Step 2: Ssh + set password
The same command line app allows you to ssh into the master machine of the spark cluster.
./spark-ec2 -k pems-df -i /path/pems.pem --region=eu-west-1 login my-spark-cluster
Once you are logged in, you'll be logged in as the root user. For security reasons it is more preferable to have a seperate user for rstudio. This user has already been added to the system, the only thing you need to do is assign a password to it.
passwd rstudio
Step 3: Login
First, just check where the master server is located.
curl icanhazip.com
Then fill in the link in your favorite browser and go to port 8787 and log in with the 'rstudio' user and the password that you've set.

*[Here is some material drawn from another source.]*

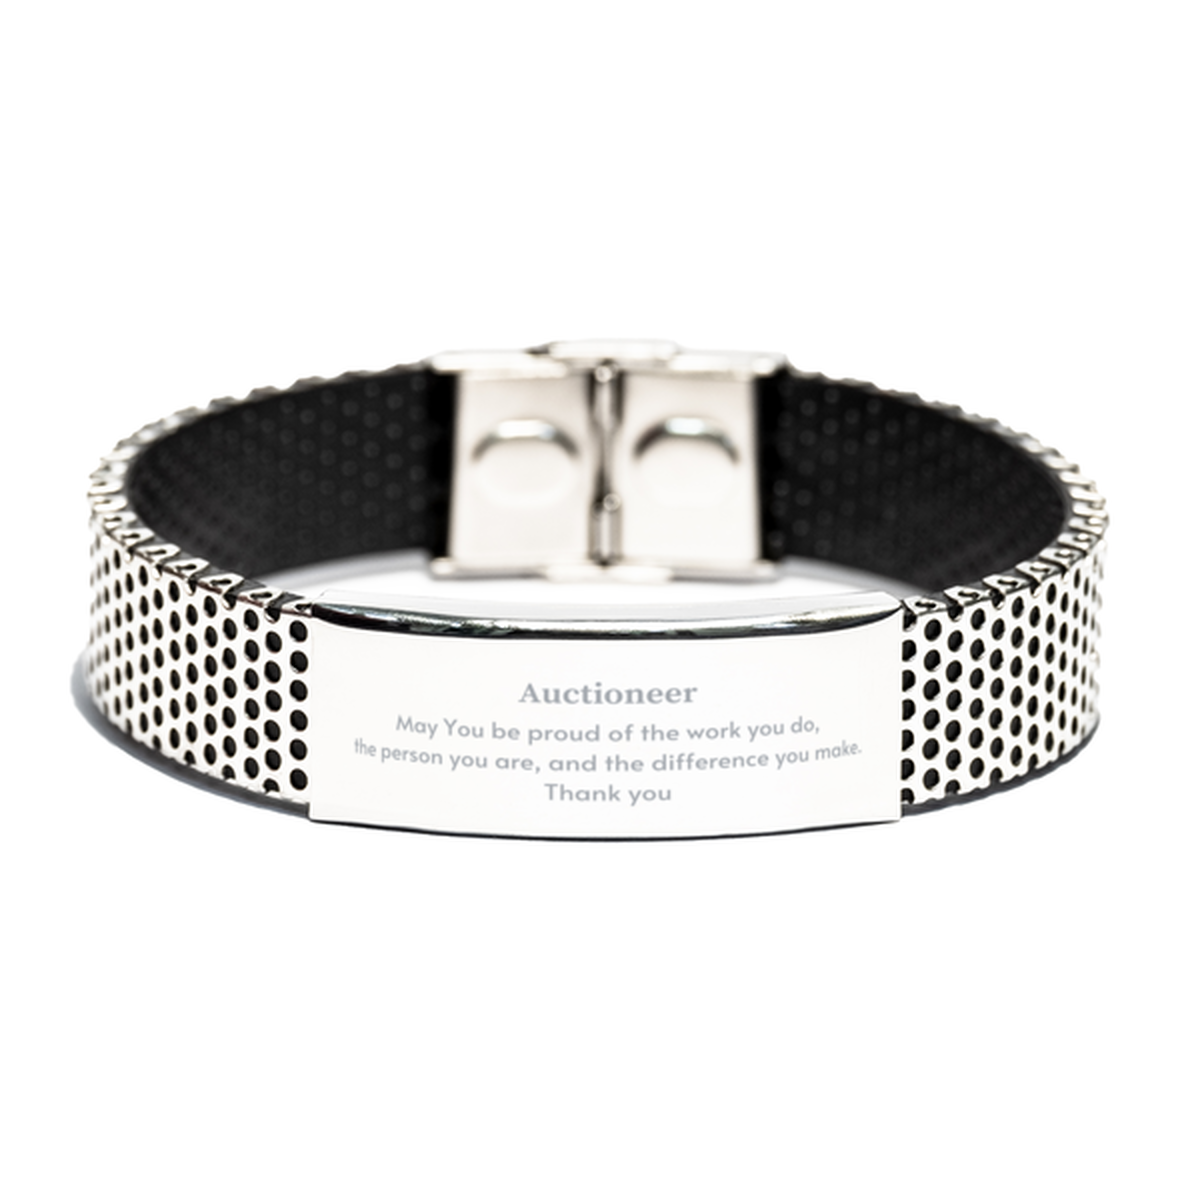 Heartwarming Stainless Steel Bracelet Retirement Coworkers Gifts for Auctioneer, Auctioneer May You be proud of the work you do, the person you are Gifts for Boss Men Women Friends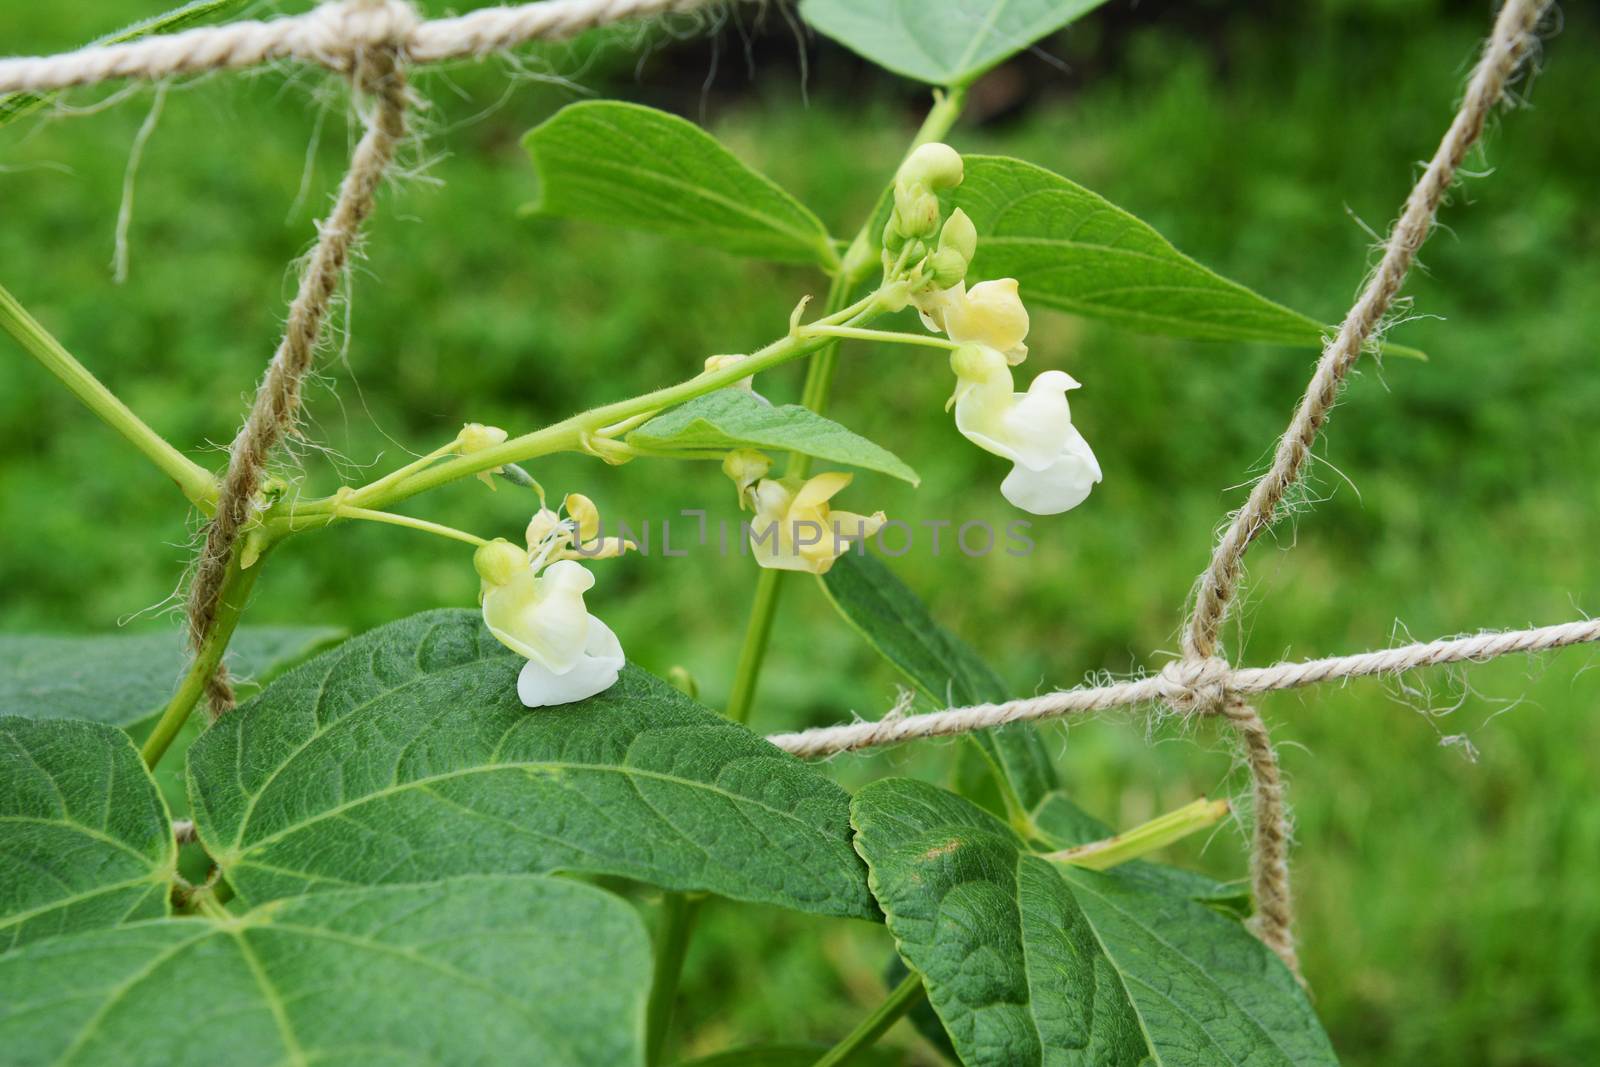 White flowers of a calypso bean plant  by sarahdoow

You can use the startSpark.R
script to quickly get started. It creates a sparkContext and a sqlContext which you can then use to create distributed dataframes on your cluster.
When you are done
If you are done with the cluster and saved all your files back to s3, you don't need to pay for the ec2 machines anymore. The cluster can then safely be destroyed via the same command line app as before.
./spark-ec2 -k pems-df -i /path/pems.pem --region=eu-west-1 destroy my-spark-cluster
Linear Models
Regression Example
ddf <- createDataFrame(sqlContext, ChickWeight)
ddf %>%
summary %>%
collect
Result
summary weight Time Chick
1 count 578 578 578
2 mean 121.81833910034602 10.717993079584774 25.750865051903116
3 stddev 71.01045205007217 6.752550828025898 14.5561866041844
4 min 35.0 0.0 1
5 max 373.0 21.0 9
Diet
1 578
2 2.235294117647059
3 1.1616716269489116
4 1
5 4
In this new SparkR shell you will notice that the glm
method now comes from multiple packages.
?glm
Help on topic ‘glm’ was found in the following packages:
Package Library
SparkR /Users/code/Downloads/spark-1.5.0-bin-hadoop2.6/R/lib
stats /Library/Frameworks/R.framework/Versions/3.2/Resources/library
You can run the model and save it's parameters in a variable, just like in normal R.
dist_mod <- glm(weight ~ Time + Diet, data = ddf, family = "gaussian")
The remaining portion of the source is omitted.